Compaction should not spam:
- only fire on threshold crossing or after a clear reset,
- clear the latch after successful compaction or after tokens fall back below the trigger zone.
Reason:
- This is the earliest safe extension-controlled point that uses real usage data.
- It directly satisfies the requirement to compact earlier than Pi core.

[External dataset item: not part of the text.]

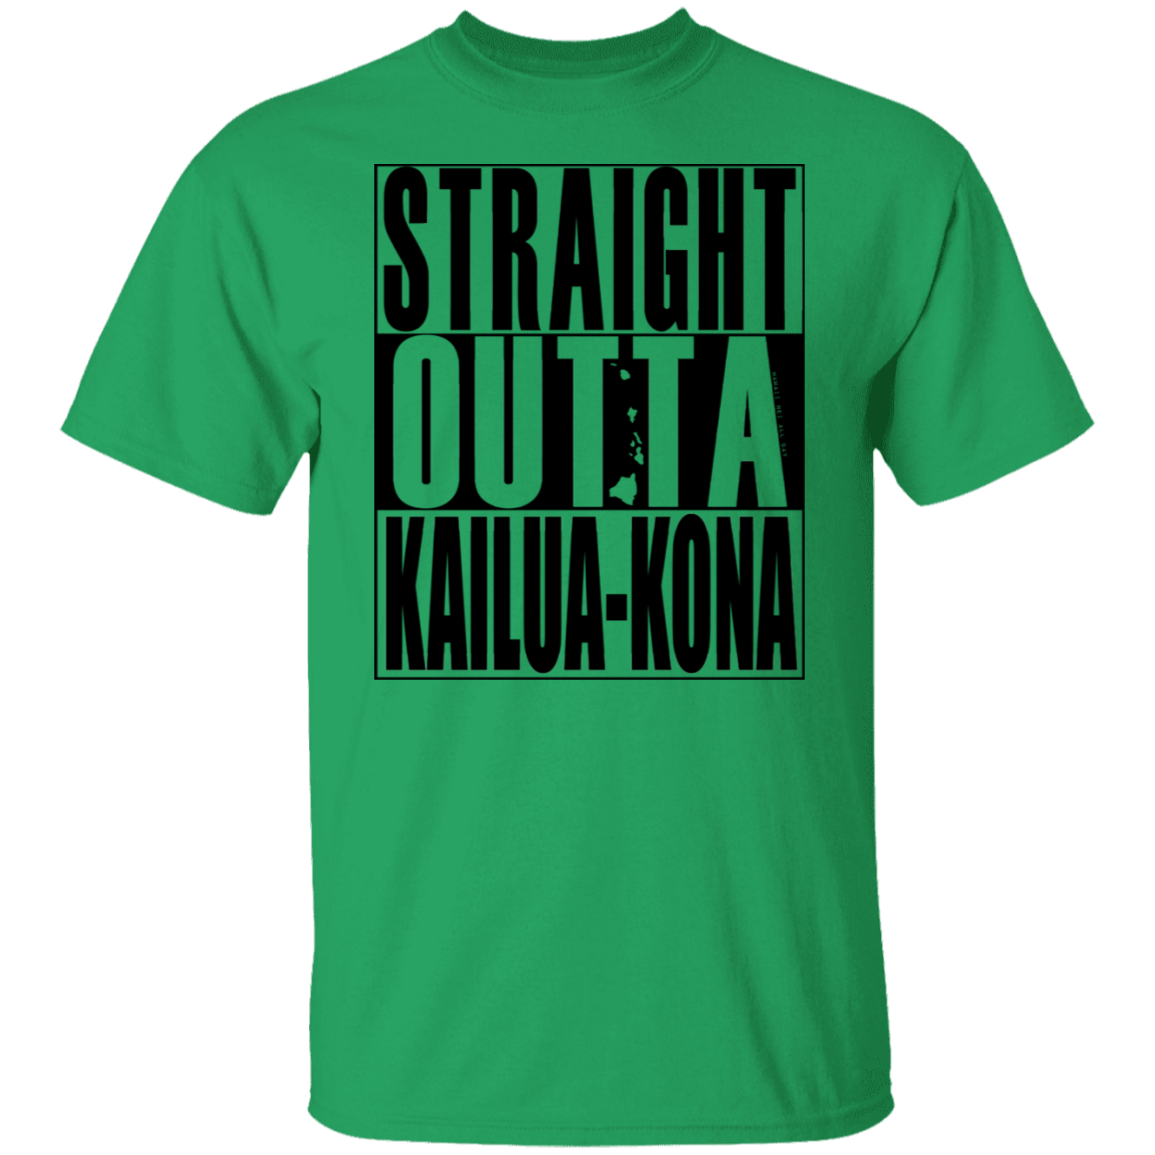 Straight Outta Kailua-Kona(black ink) T-Shirt

### 5. Remove footer status noise
Remove `ctx.ui.setStatus("context-manager", ...)` updates.
Keep:
- `/ctx-status` for explicit inspection.
- Snapshot persistence and internal pressure tracking.
Do not keep:
- automatic footer text like `ctx green/yellow/red/compact`.
## Data flow after the change
1. `turn_end`
- Sync model context window.
- Observe actual context tokens.
- Persist snapshot.
- If the extension's red-zone compaction gate trips, request compaction immediately.
2. `session_compact` / `session_tree`
- Persist summary artifacts to snapshot state.
- Re-ingest them into the ledger.
- Arm one-shot resume injection.
3. `context`
- Remove raw `compactionSummary` and `branchSummary` messages from the outgoing message list.
- Prune remaining conversation by recent turn suffix.
- Distill bulky kept tool results when allowed by zone.
- Inject exactly one hidden lean packet or lean resume packet.
## Testing
### `src/prune.test.ts`
Add coverage for:
- dropping entire older turns instead of retaining their user and assistant messages,
- preserving the newest turn intact,
- distilling bulky tool results only inside older kept turns,
- stronger suffix tightening as zone worsens,
- preserving ordering safety for assistant/tool-result groups.
### `src/runtime.test.ts`
Add coverage for:
- `buildResumePacket()` no longer containing raw `## Latest compaction handoff` or `## Latest branch handoff` sections,
- lean resume output still containing current goal, task, constraints, decisions, and blockers extracted into the ledger.
### `src/extension.test.ts`
Add coverage for:
- filtering raw `compactionSummary` and `branchSummary` messages from the `context` payload,
- triggering extension-driven compaction once pressure reaches the red zone without waiting for Pi core's later threshold,
- not repeatedly triggering compaction while a latch/cooldown is active,
- no `context-manager` footer status writes,
- `/ctx-status` still reporting mode, zone, packet size, and summary presence.
## Acceptance criteria
- Live context no longer grows monotonically just because older user and assistant turns remain in place.
- The extension can compact before Pi core's reserve-token threshold.
- Hidden injected context no longer includes raw full compaction or branch-summary blobs.
- Raw summary artifact messages do not remain in live context after the extension has folded them into its own ledger.
- Footer status line from this package is gone.
- Existing deterministic ledger tie behavior remains unchanged.
## Risks and mitigations
### Risk: pruning drops too much recent context
Mitigation:
- keep the newest turn lossless,
- keep packet generation focused on active goal, constraints, decisions, tasks, blockers,
- cover turn-suffix behavior with targeted tests.
### Risk: early compaction triggers too often
Mitigation:
- use threshold-crossing plus latch/cooldown behavior,
- clear the latch only after compaction or a meaningful pressure drop,
- test repeated `turn_end` events around the boundary.
### Risk: summary filtering removes needed information
Mitigation:
- filter only raw `compactionSummary` and `branchSummary` message roles,
- keep summary-derived facts in the ledger,
- keep persisted raw summaries in snapshots for debug and recovery.